I went over and gently grabbed his wrist. I told again how much he meant to me, how much he had taught and shaped me, and how even in his darkest hour he taught me that through all the mistakes I make, I owe it to myself, those who love me, and those who don’t like what I have done to find a way back, and if not make good, tirelessly work to the end to get better.
“Well, you know,” Chuck said, “I appreciate that, and I appreciate you. Keep doing your best.”

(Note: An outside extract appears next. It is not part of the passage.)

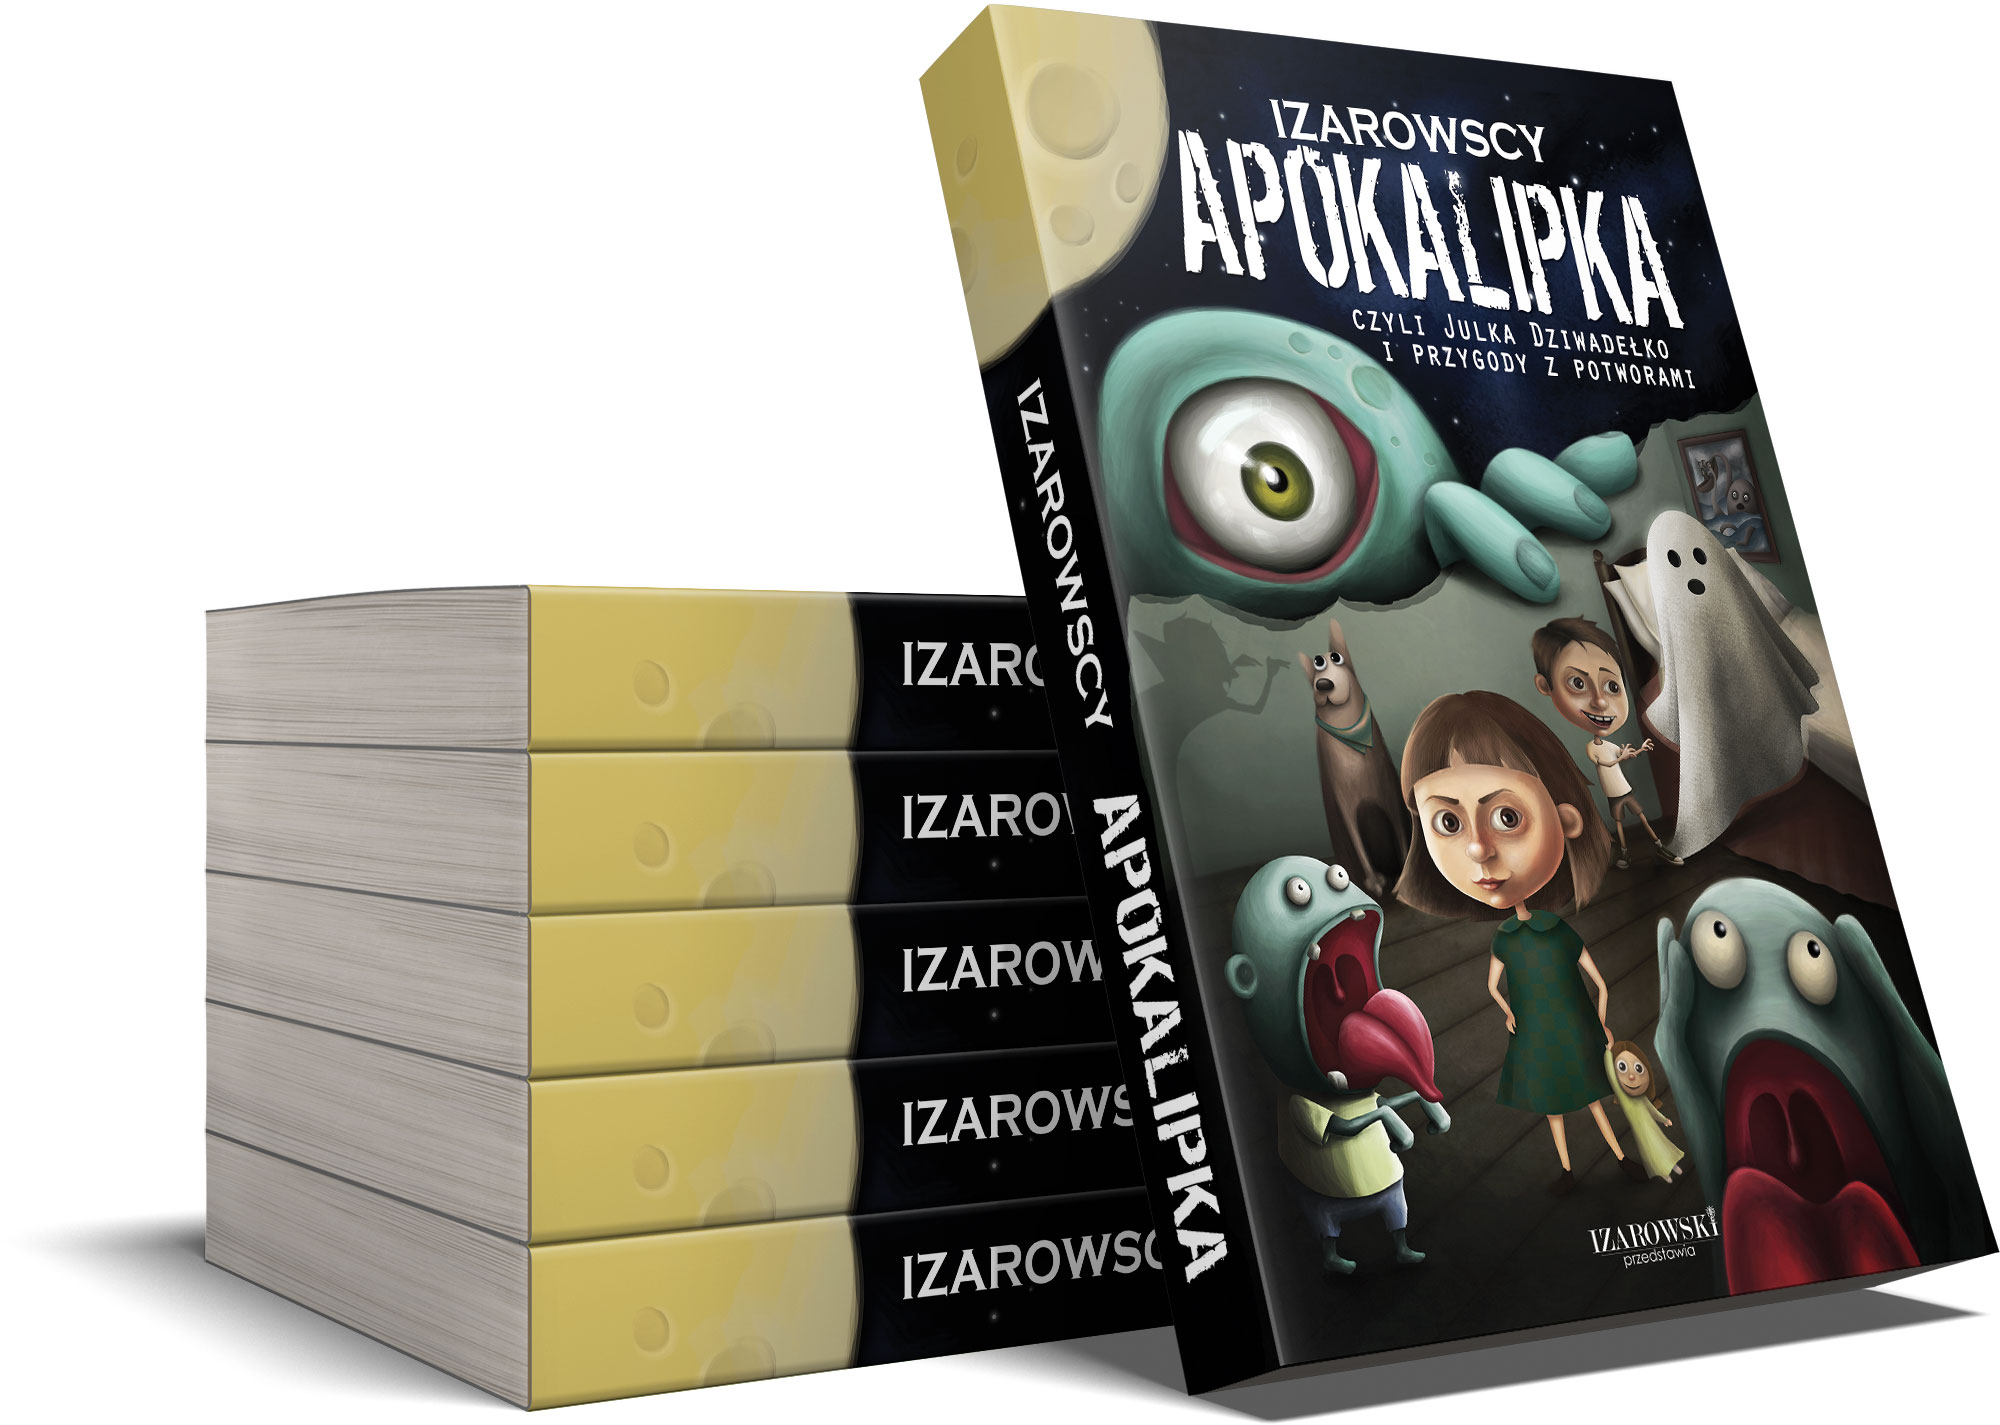 horror dla dzieci książka z dziewczynką na okładce, wokół zombiaki, wampir, klimat postapo

I didn’t write a perfect good-bye to Chuck in this column. I couldn’t see the screen at times as the emotion erased my thoughts like a runaway train. But in the end, the emails and voicemails sustain me. I’ll never forget what he meant to the sport, and what he meant to me.
Of all the emails he sent me, most regarding 20 Question Tuesday and his joy that it had turned into a 14-years-and-counting feature that runs every single Tuesday, every single year, was this one last summer after a particularly fun one with Catherine Vogt – and ironically, last week, it was Catherine again who was featured. I bet it made Chuck smile.
“What a great ‘Q&A’ with the two of you!” Chuck wrote to me and Catherine. “I especially love the connection with the recent promotions for women's coaches in the NBA and NFL. The entire piece was just great. Bravo to you both.”
And Bravo to you, Chuck, on a job well done, and a life well lived.
You will be missed, but never forgotten.